||| FROM WASHINGTON POST |||


As many of us have been masking and social distancing for a year now, we haven’t been exposed to the usual mix of colds, stomach bugs, and the like. I haven’t had COVID (as far as I know) but I also haven’t had a cold in over a year. Will my immune system grow “lazy” or be unprepared for the usual challenges once we’re vaccinated and stop wearing masks? — Barbara in Massachusetts

Your sense that colds and other common infections appear to have declined during the pandemic is correct. Unsurprisingly, best-practices to halt coronavirus transmission — such as wearing masks, avoiding crowds and staying safe distances apart — also help to stop other respiratory pathogens from spreading.

Infectious-disease scientists who track those viruses have observed cases at record, or near-record, low levels.

“This is my 30th flu season,” Lynnette Brammer, leader of the Centers for Disease Control and Prevention’s Domestic Influenza Surveillance team, told The Washington Post in January. “I never would have expected to see flu activity this low.”

Are our immune systems becoming sluggards in the meantime? Not necessarily. Immune defenders called memory cells, certain T and B cells, form during an infection. Picture them as being like guard dogs trained to recognize a known prowler’s scent. Some types of immune memories fade after months, vanishing as subsets of those cells die off.
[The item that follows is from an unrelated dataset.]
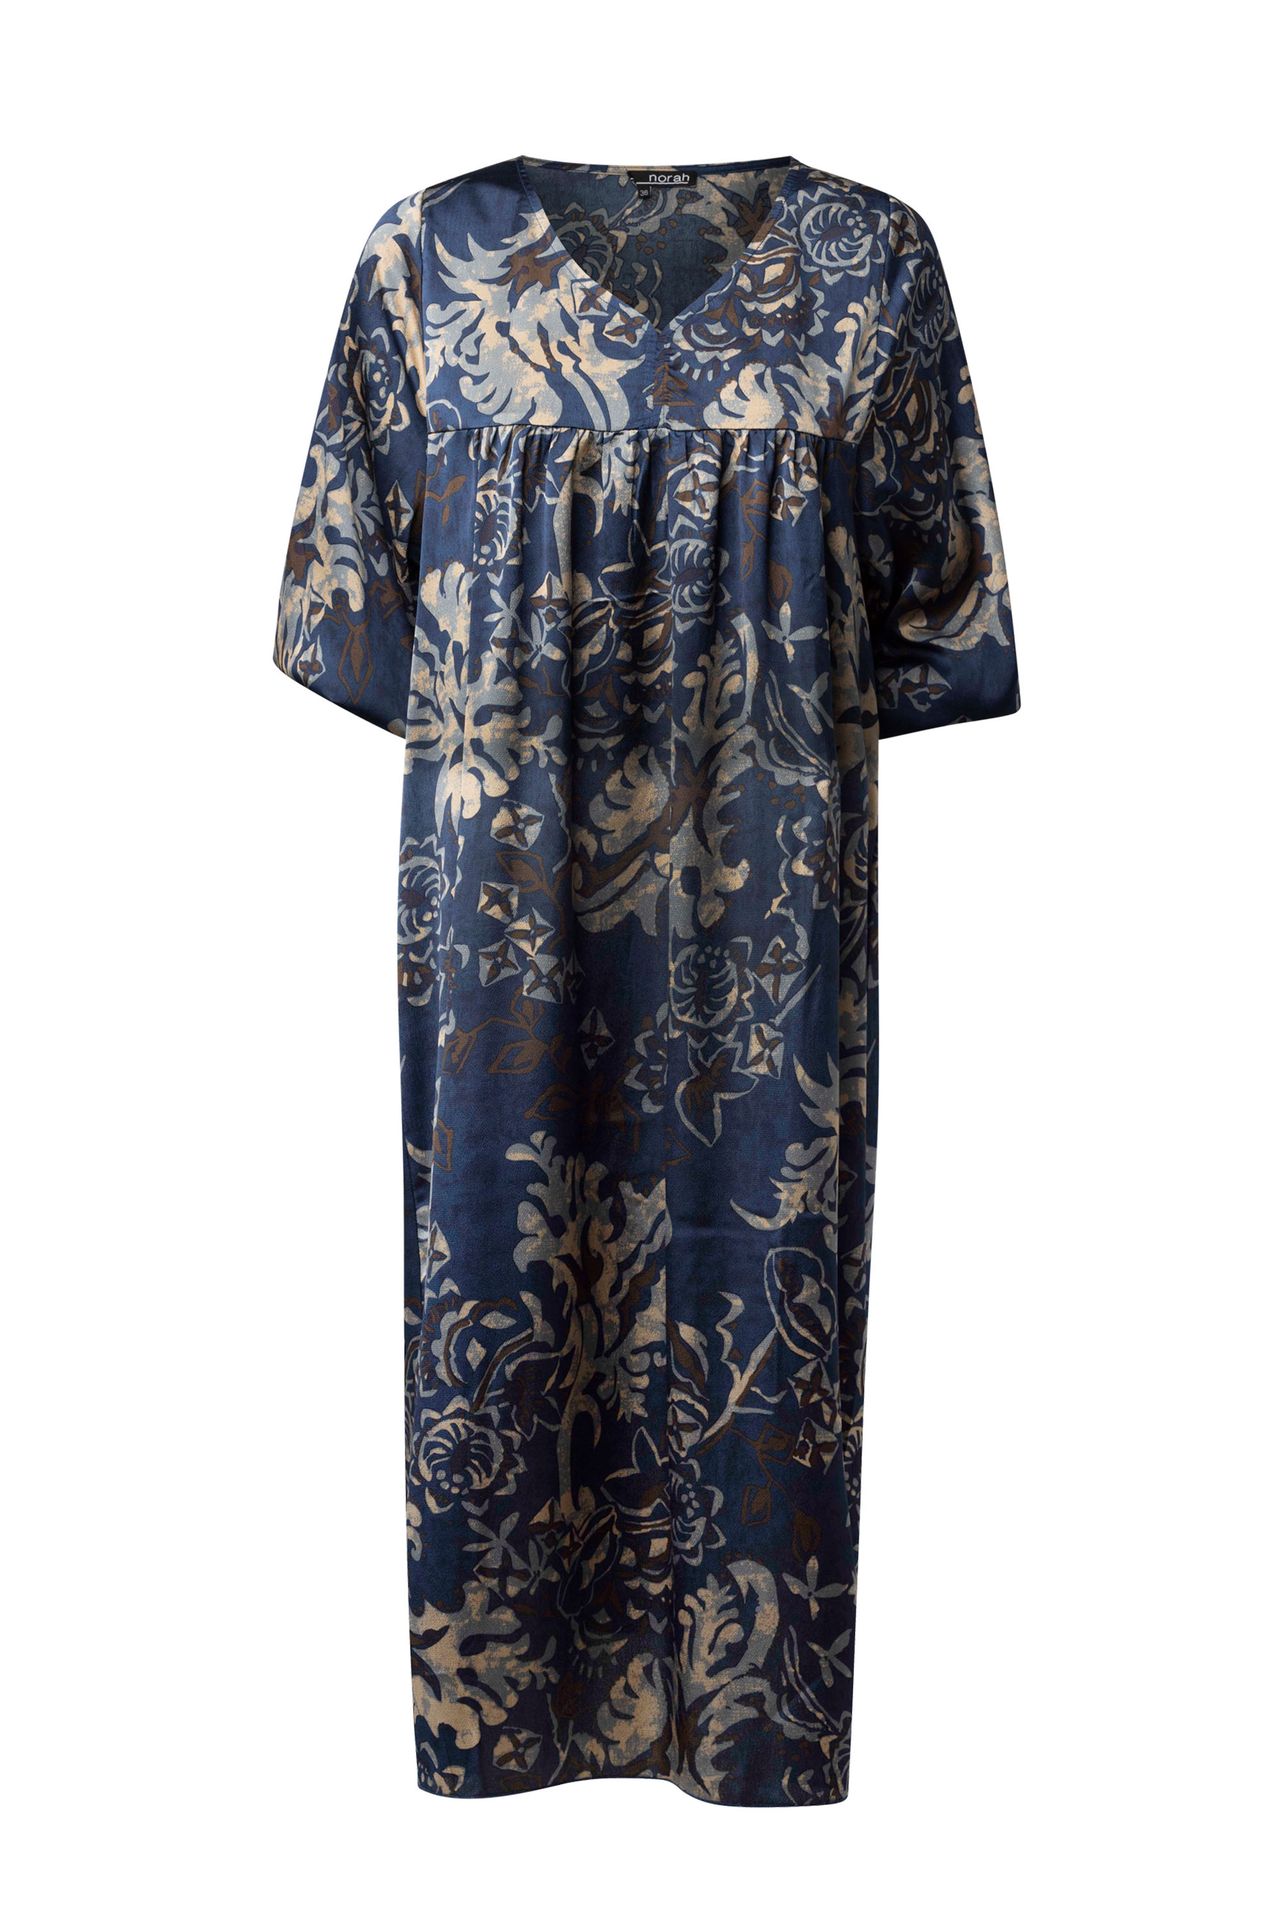 Norah Blauwe maxi jurk blue multicolor 214272-420

But other immune memories can last much longer — on the scale of decades. People with the smallpox vaccine have been found to have protective T cells 70 years after immunization, for instance. (Exactly how a population of microscopic guard dogs persists for so long is not totally known.)

The trouble with colds, though, as this New York Times article notes, is that hundreds of different viruses cause them. Your cells could be vigilant as ever against one cold germ, but it does not mean they will recognize the next. And what is likely to change post-pandemic is a big uptick in exposure risks.

With the resumption of behaviors that permit common viruses to spread comes concern about new outbreaks. This has already happened overseas. Hong Kong, for instance, experienced a burst in colds when children returned to schools in October and November. The authors of a recent study describing those infections noted that the overall population may have become increasingly susceptible to flu viruses and rhinoviruses. That’s “because persons were likely less exposed to the viruses when intense social distancing measures, including school dismissals, were implemented in response to the COVID-19 pandemic,” they wrote. “This would have increased transmission potential when schools resumed.”

One analogy to this is a forest fire, as Bryan Grenfell, a Princeton University epidemiologist and population biologist, told The Post: “For the fire to spread, it needs to have unburned wood. For epidemics to spread, they require people who haven’t previously been infected. So if people don’t get infected this year by these viruses, they likely will at some point later on.”